I recently celebrated a landmark birthday, and over the past year I have been reflecting on, and considering the future direction of, my career.  Don’t panic: I am still obsessed with, dedicated to and fascinated by money laundering, but I have been trying to think of ways to develop my own understanding of it, and more particularly to extend my usefulness to the AML community.  To this end, last year I had some interesting conversations with friends in the law enforcement and regulatory world, as I did not want to take this next step without their input and support.

Whenever I speak at a conference and am introduced as the “money laundering expert” (rather than anti-), I make a joke of it and say that those talks actually cost much more.  Well, my levity has come back to bite me, as last summer I was approached by people high up in the UK AML community and asked if I could indeed offer such training as bait.  A select group of us spent several weeks in the autumn designing materials outlining money laundering techniques that could work in the current international regulatory framework.  Once they were ready, we used some “underworld contacts” (as the law enforcement representatives in our group so vividly phrased it) to put out the word and encourage interested parties to sign up.  And they did.  Obviously such a gathering could not happen here in the UK, as our strict border controls are unwelcoming to many who would want to attend, but a wealthy man who owed HMRC a favour agreed to allow his remote country home in an eastern European jurisdiction to be used for the event.

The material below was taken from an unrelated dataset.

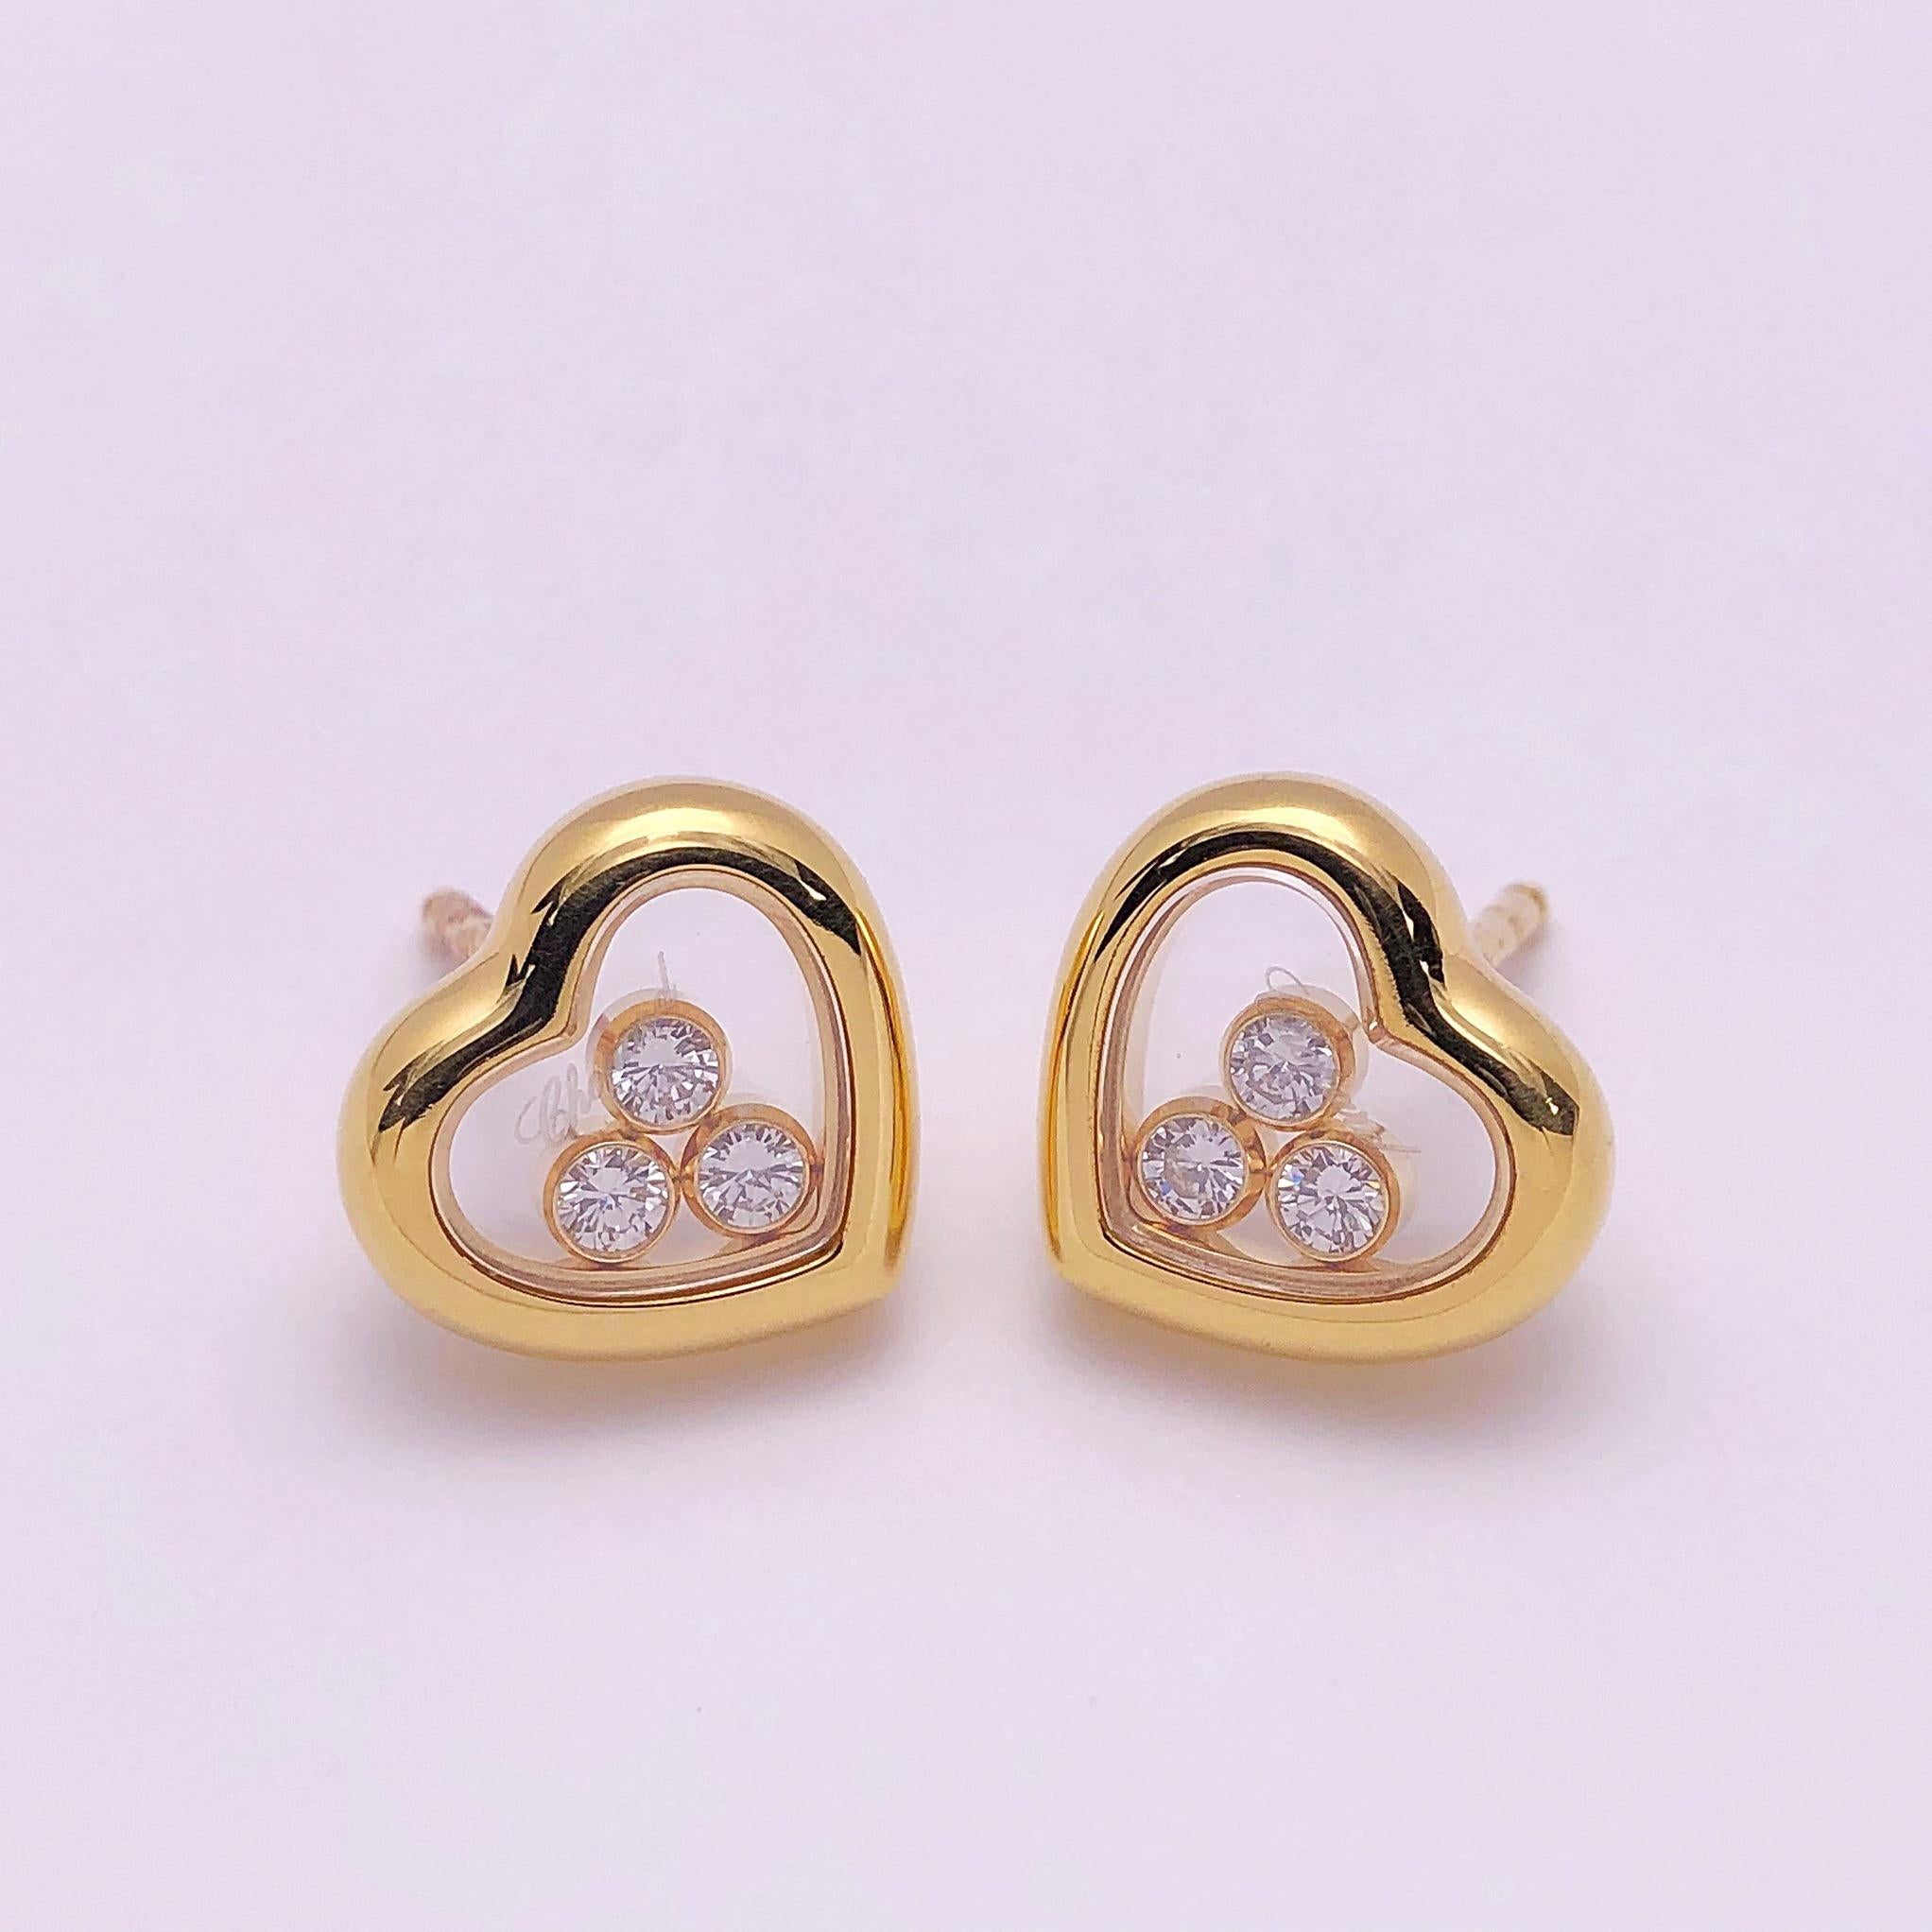 Chopard 18 Karat Gold Happy Diamond Heart Earrings with 3 Floating Diamonds (Rundschliff)

As you can imagine, I was a little nervous, but I was assured that my personal security would be of the utmost priority – and it was certainly the first time that I have delivered training flanked by (discreetly but comprehensively) armed men.  It wasn’t quite “Spooks” or “The Night Manager”, but it was a deal closer to the action than I had ever imagined I would have the chance to be.  You can appreciate that I can’t divulge any specific details, but I am promised that, once all relevant information has been sucked dry of investigative value, I will be able to write about it – now there’s a plan for my retirement!